SLS vs. SLA: Differences and Comparison
Learn about the differences between these two 3D printing technologies.
SLS (selective laser sintering) is a 3D printing technique that uses a laser to fuse together small particles of plastic, metal, glass, or ceramic powder into a solid object. SLA (stereolithography) uses an ultraviolet (UV) laser to cure (harden) photosensitive resin into the desired shape. Both technologies employ a laser as part of their build process, but they differ in terms of build speed, precision, price, and processing. A full understanding of the choice between SLS vs. SLA requires more background information.
A major advantage SLS has over SLA is in the time it takes to manufacture a part. It has a shorter lead time. Therefore, more such parts can be produced per day. However, if precision details are important, SLS becomes the best choice because it produces parts with tighter tolerances.
In this article, we will compare and contrast these two types of 3D printers. We will also take a cursory look at other alternatives that can serve as replacements for either one of them.

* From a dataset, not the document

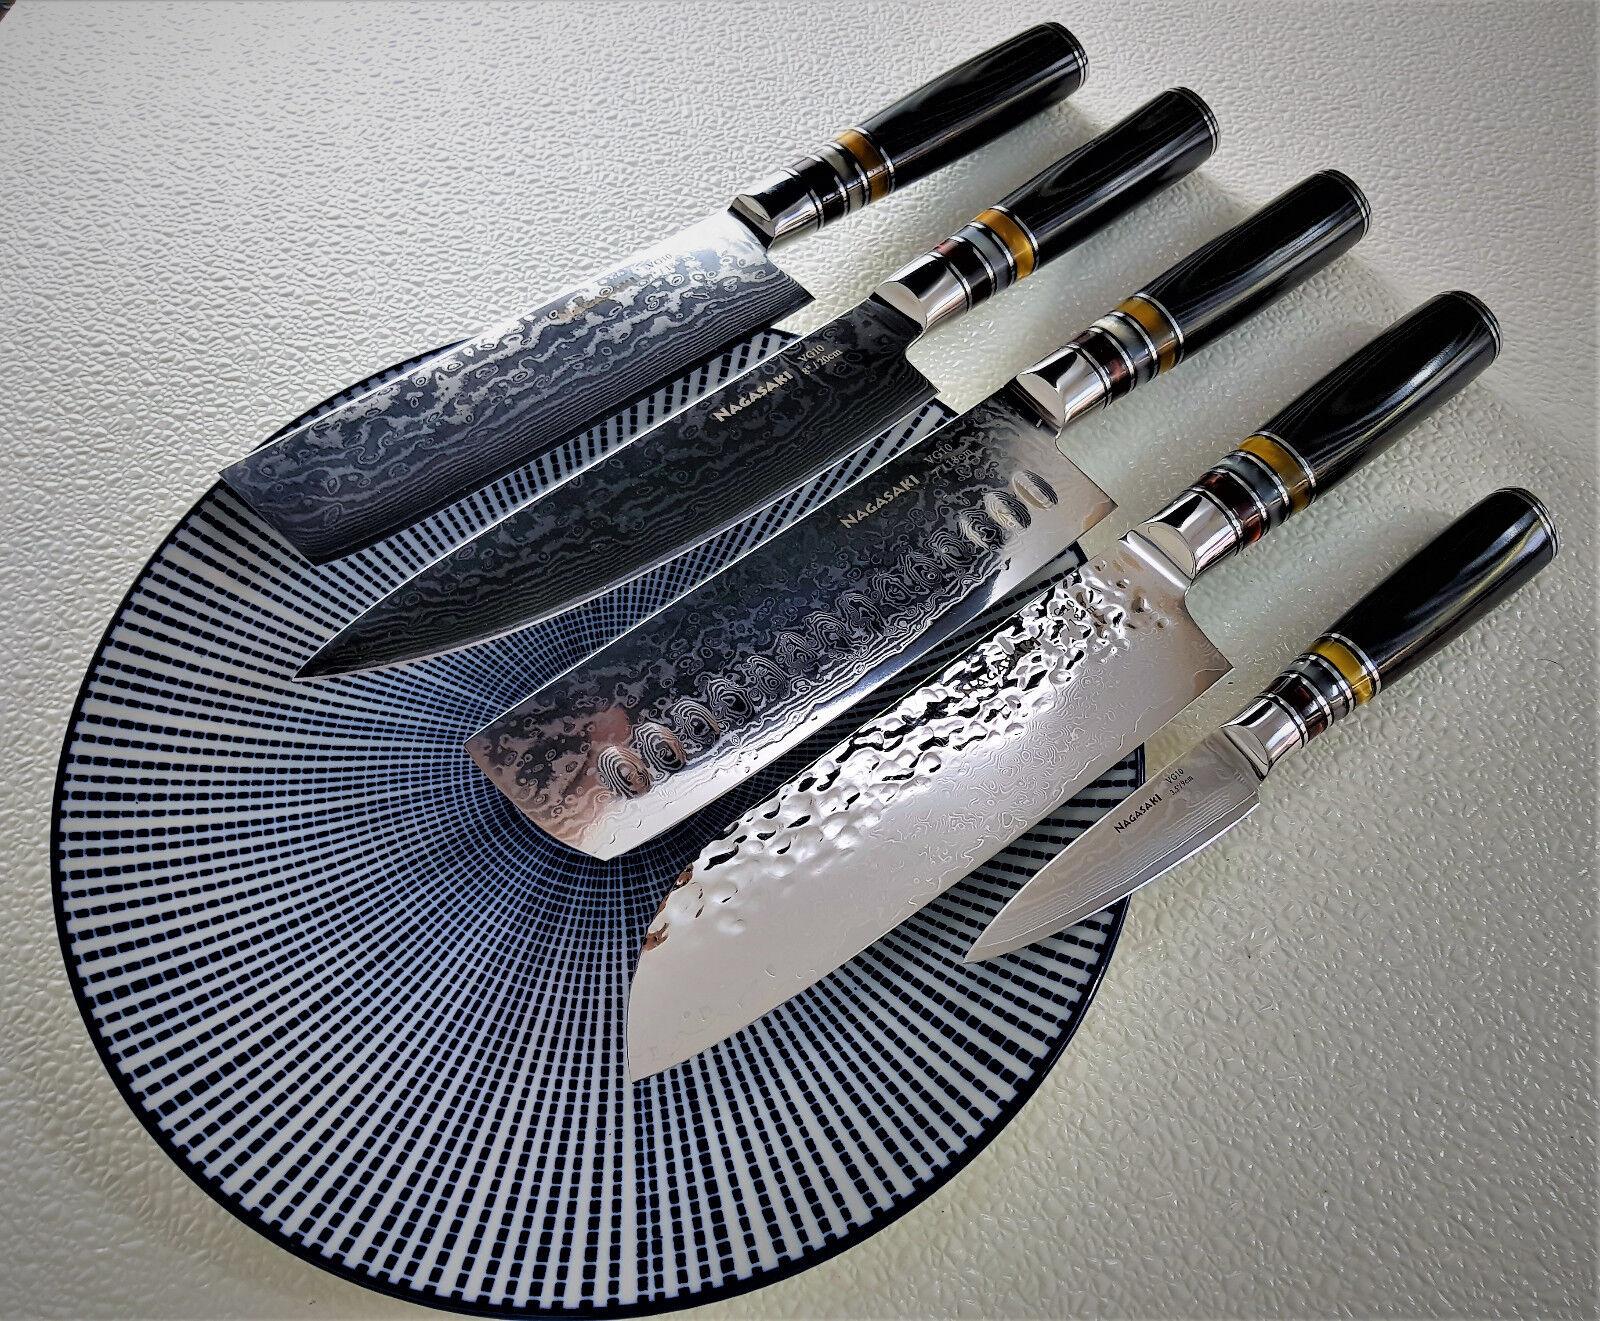 Nagasaki Damascus knife set, VG-10, couteau, cuisine couteau, couteau, cuisine, Damas,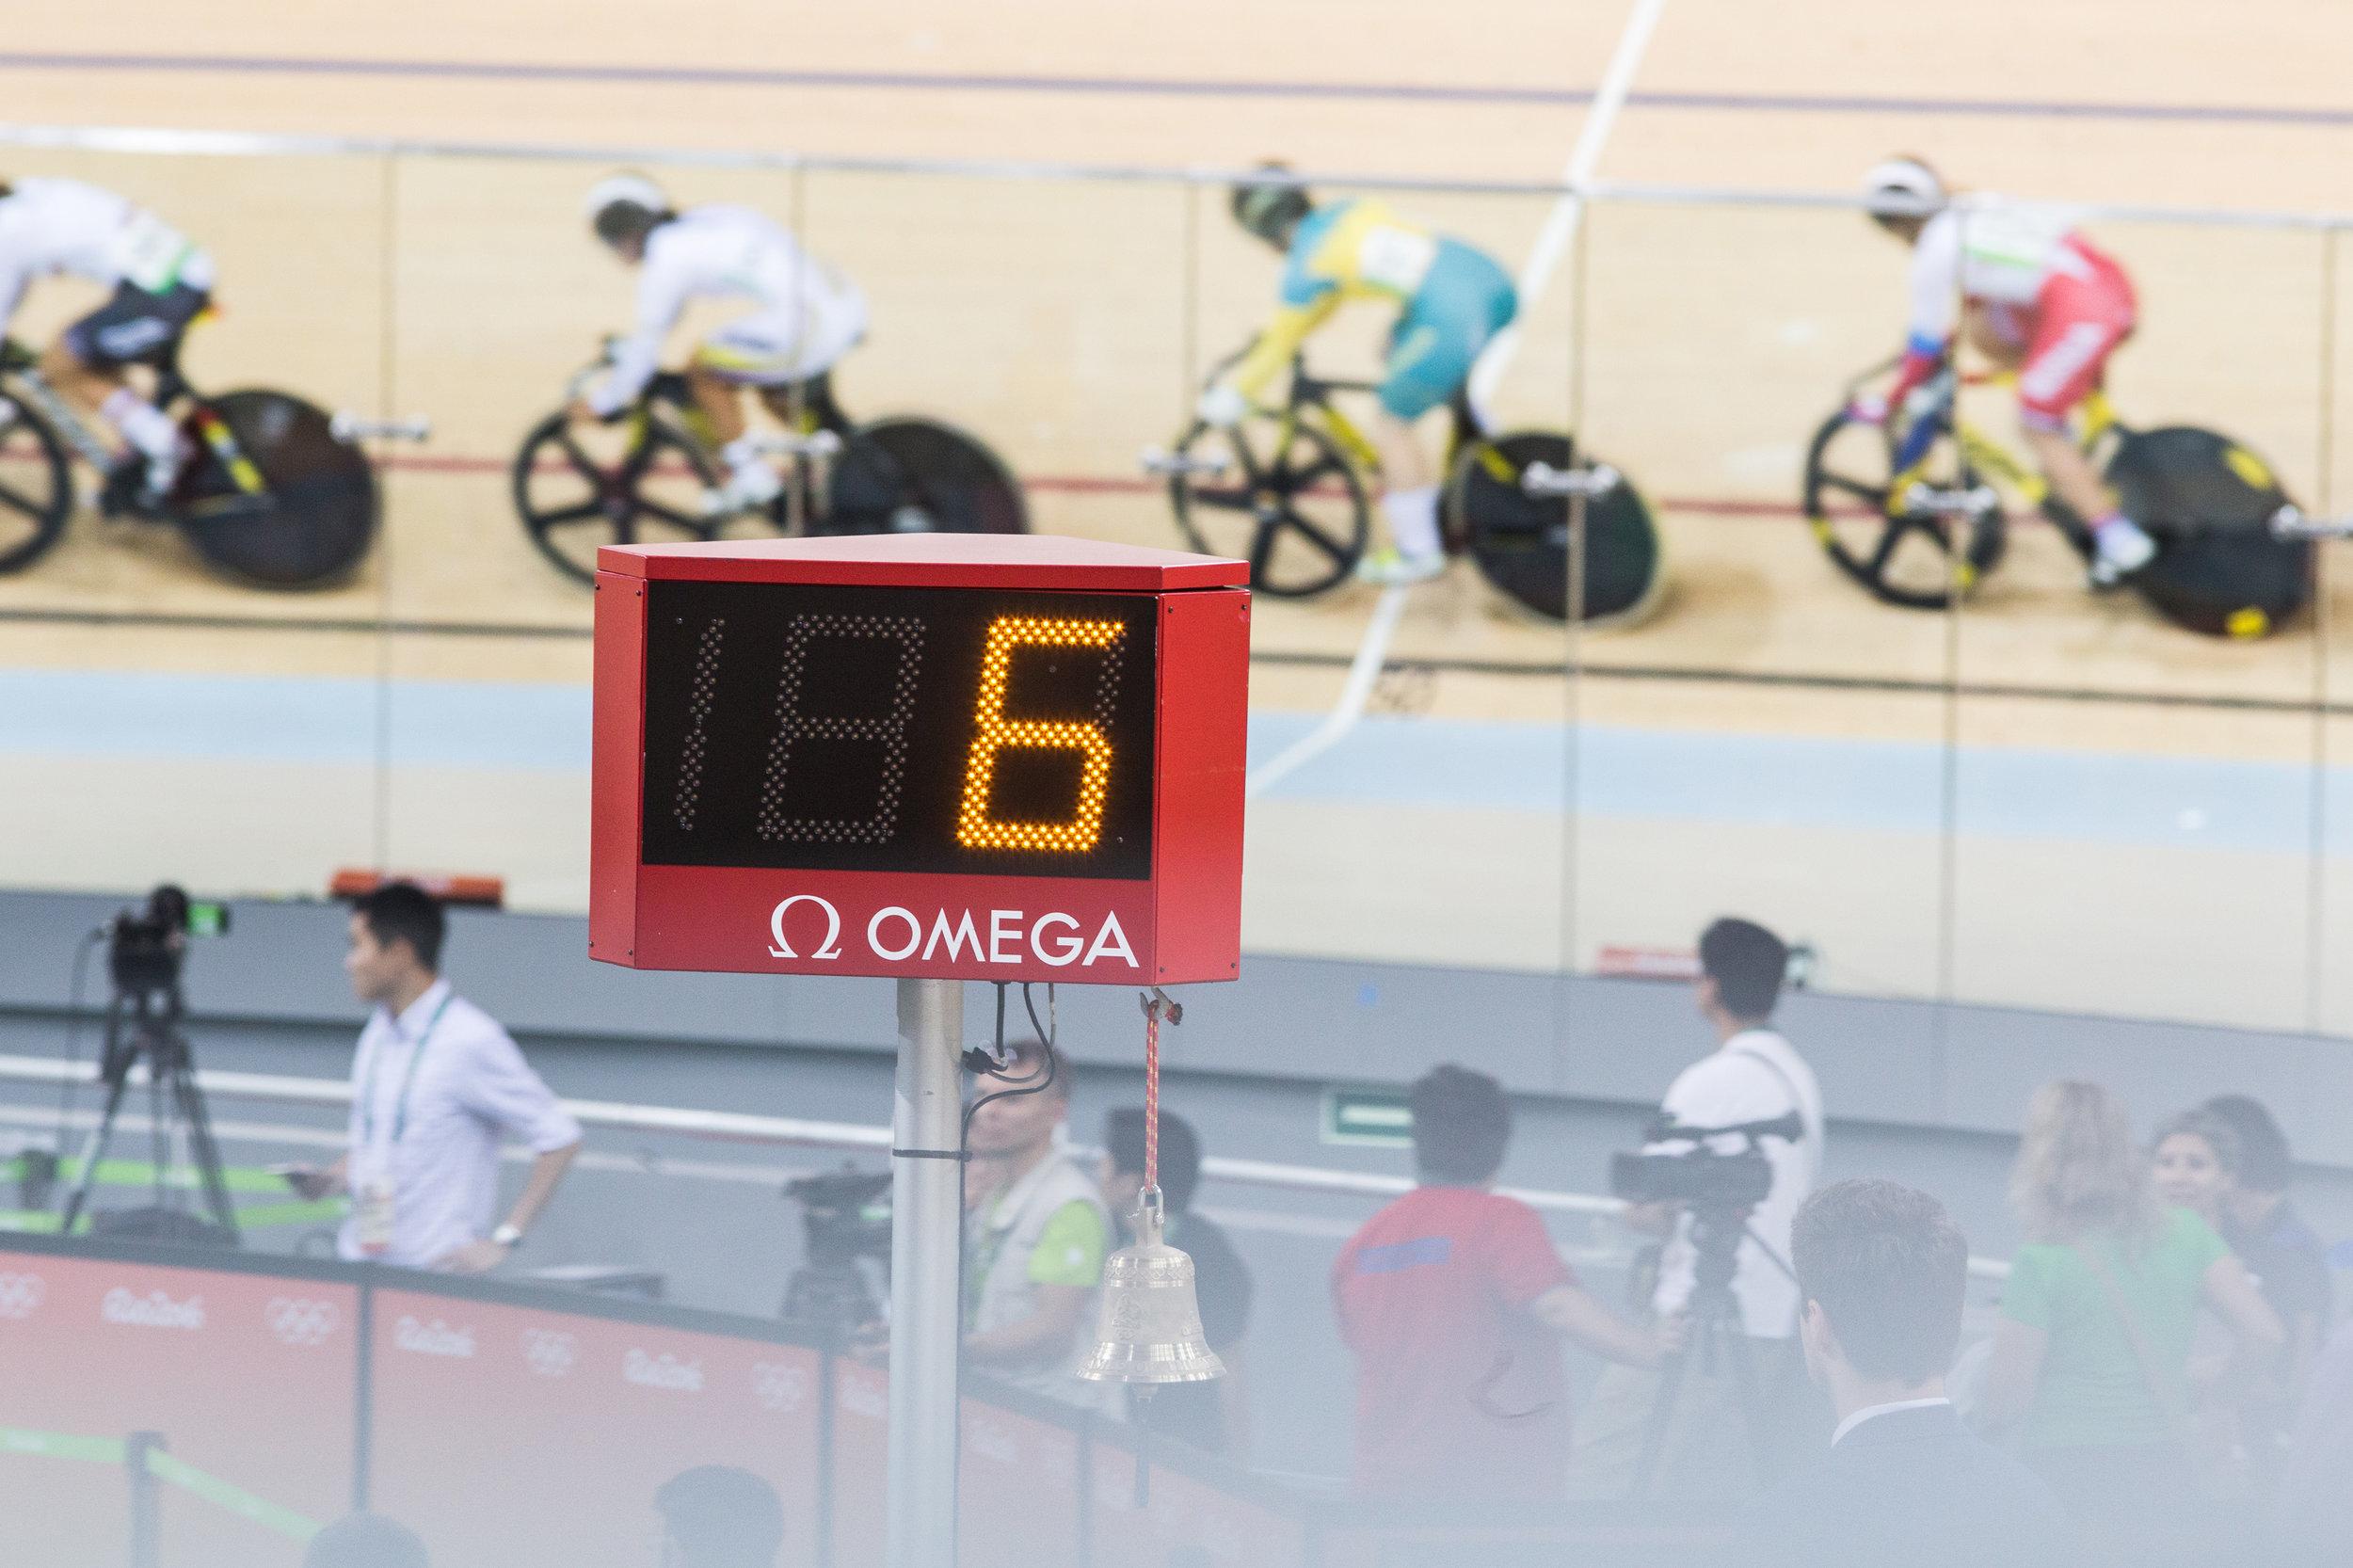 OMEGA_RIO16 Cycling_05.jpg

SLS Definition and Comparison to SLA
SLS was created in the 1980s at the University of Texas in Austin by Dr. Carl Deckard and Dr. Joe Beaman. SLS is a 3D printing technology that uses a powerful laser to selectively fuse layers of powdered particles. Most such machines use nylon-based or polymer-based build materials, though more advanced versions have been created to fuse materials with higher melting temperatures.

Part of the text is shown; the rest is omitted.